Two long years after the pandemic began, it appears that the political consensus on school closures and pandemic restrictions on children is shifting. After all, the data are increasingly in: children infected with COVID are at very low risk of severe illness or death, lower than their risk from the seasonal flu, even before vaccination; schools have not been shown to increase transmission but rather just reflect what is happening in the broader community; and there is still no conclusive evidence that forcing kids to wear masks all day actually helps to reduce COVID spread.

In Canada, journalists are finally, tentatively beginning to ask questions about the forced masking of kids, while in the United States, left-of-centre publications like The Atlantic, The New York Times, and The Washington Post are already pushing for reduced restrictions. On the other hand, we have lots of evidence that the closures and restrictions have harmed kids: academic achievement and physical activity are down, eating disorders, anxiety, and childhood obesity are up. Each day, there is more evidence suggesting that while the initial few weeks of school closures were perhaps justified as a precautionary measure, normal life for kids was quite safe pretty well the whole time and that it’s certainly safe for them now that pediatric vaccines are widely available and the vast majority of adults are vaccinated. 

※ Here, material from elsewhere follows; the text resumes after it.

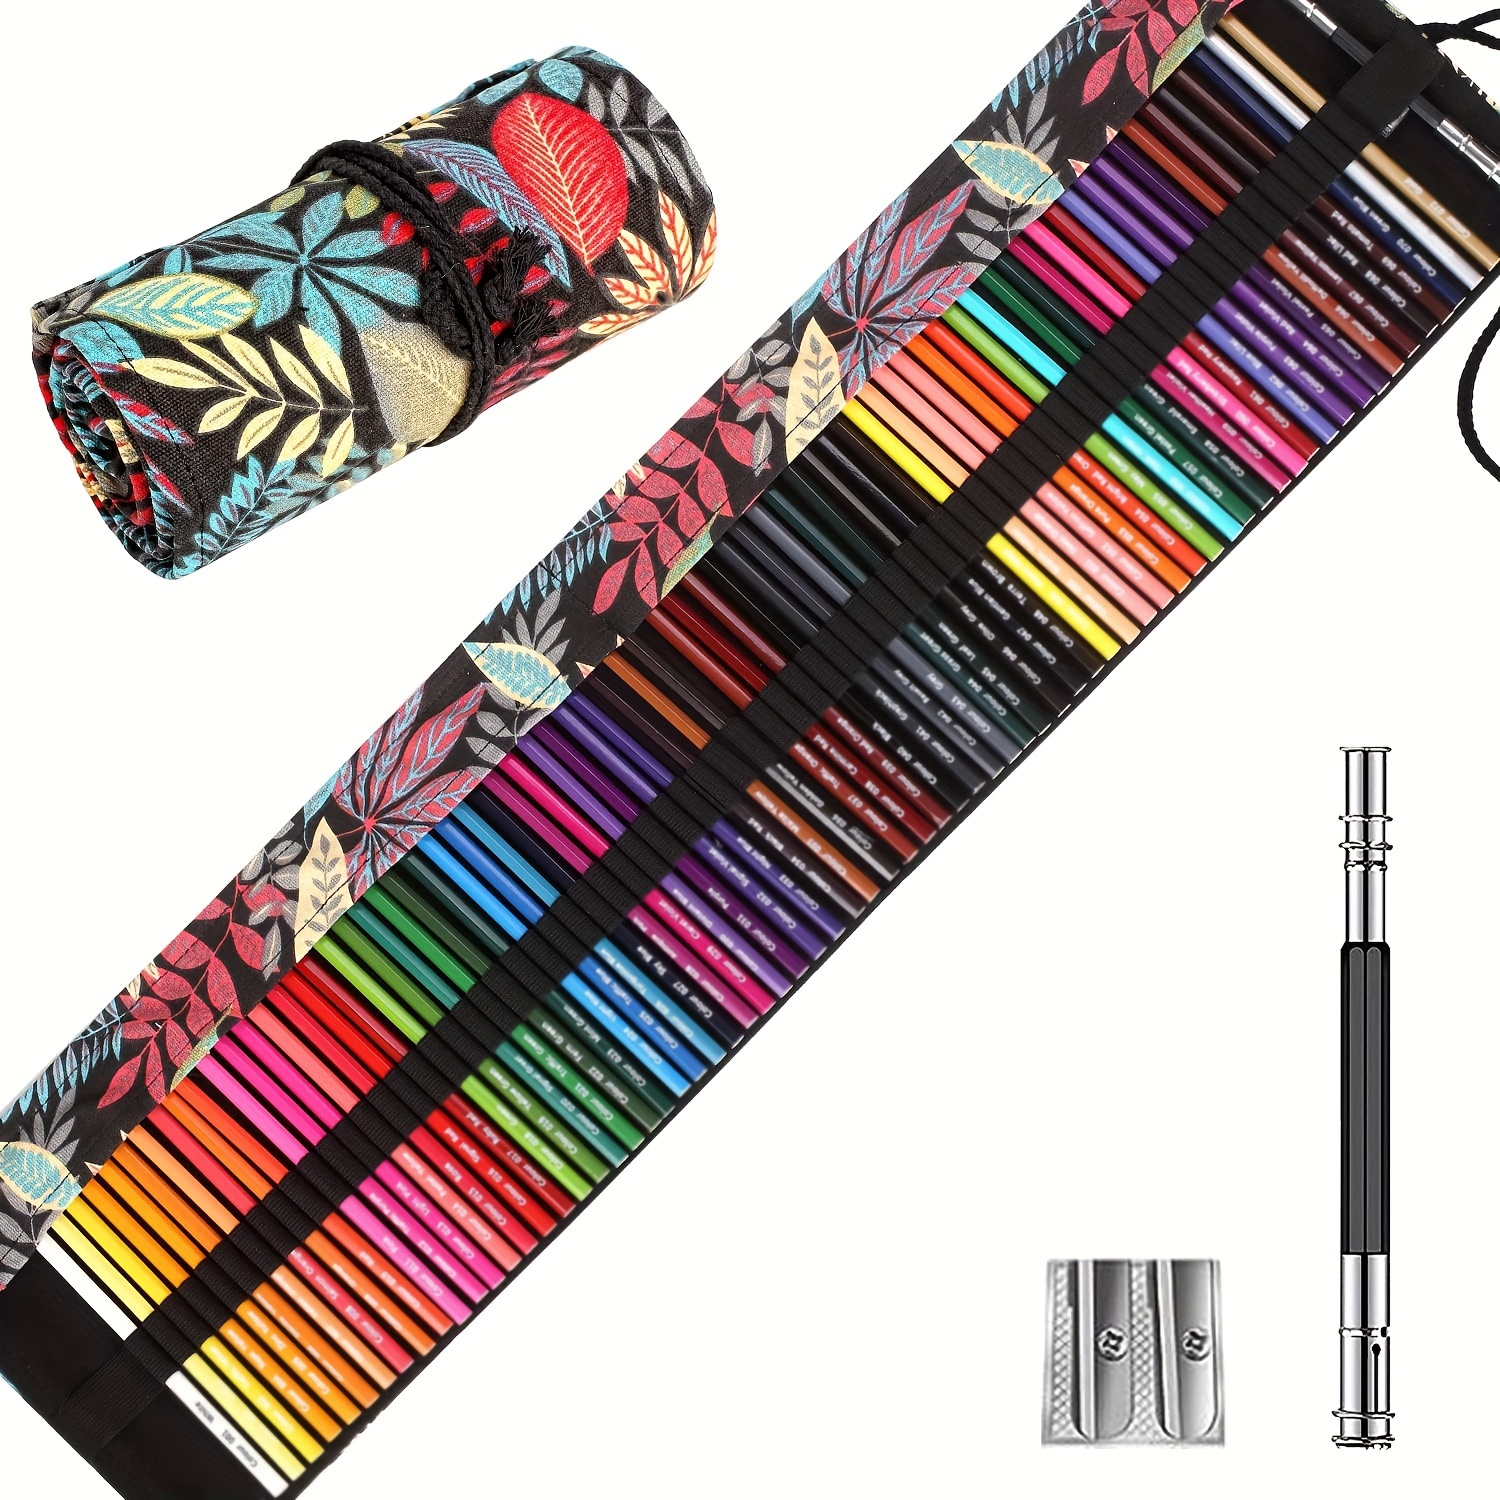  Wifpme 36 Colored Pencils，Quality Coloring Pencils for Adult  Coloring Artists Professionals and Colorists, Soft Core, Sketching Drawing  Pencils Set Art Supplies for Kid Beginners : Arts, Crafts & Sewing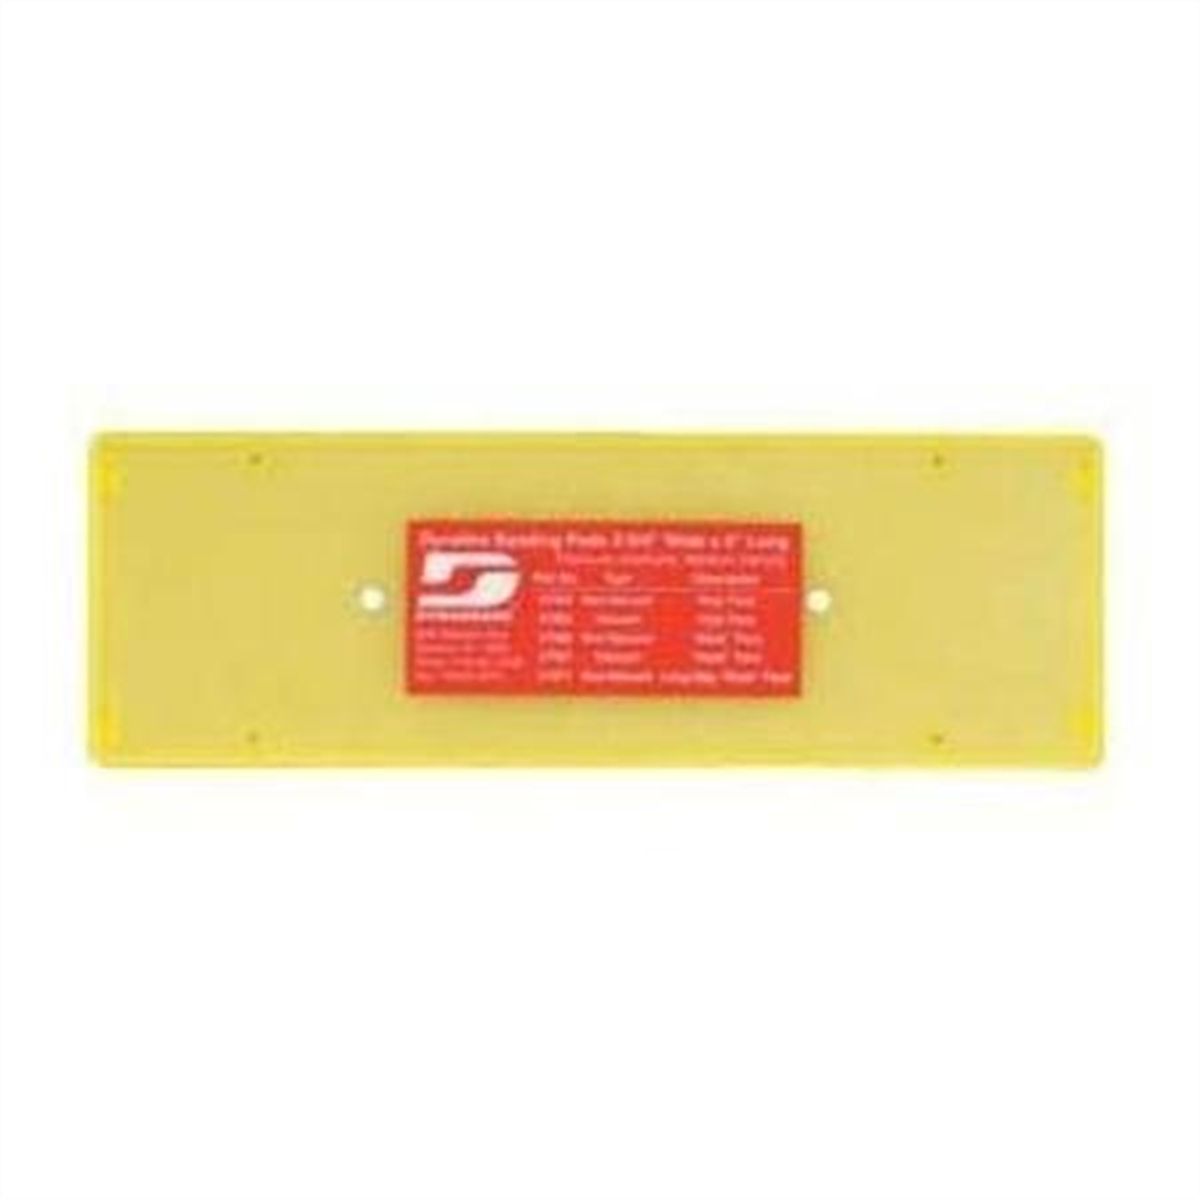 Dynaline PSA Sanding Pad 2-3/4 x 8 In for 10400

But this essay is not really written to convince those who believe that school closures, mask mandates for young children, and other disruptions to normal school life were all good choices that were always justified and continue to be worthwhile tools. I think the argument there is being won, and that we will look back on the decisions we made about kids during this time with considerable regret. This essay is written for those who are already looking back on those decisions with regret, but who aren’t sure what lessons we should take away from this time. I worry we will—too slowly—return to some form of normalcy in our schools, but the tired modes of thinking and decision-making that caused such harm to kids during the pandemic will remain too influential. So this is the time to think about our education system, to learn why we were so risk-averse when it came to COVID but so reckless when it came to other harms, and then apply that knowledge to improve it.

One problem with the response to COVID in schools has been the outsized influence of teachers’ unions, who have repeatedly failed to prioritize the learning and mental health needs of children over the misplaced anxieties of adults. At every stage, unions advocated longer and more frequent school closures, increased restrictions on children, and decreased responsibilities for teachers. The unions had a moving target approach. They would claim they were in favour of in-person schooling, but not until it was safe, and according to them, it was never safe: not with distancing, not with masking, not with increased ventilation, and not with widely-available rapid tests. No matter what governments did, and no matter what evidence they produced about safety, schools were never safe enough to satisfy the unions, even as the evidence came in that they were among the safest places that kids could be.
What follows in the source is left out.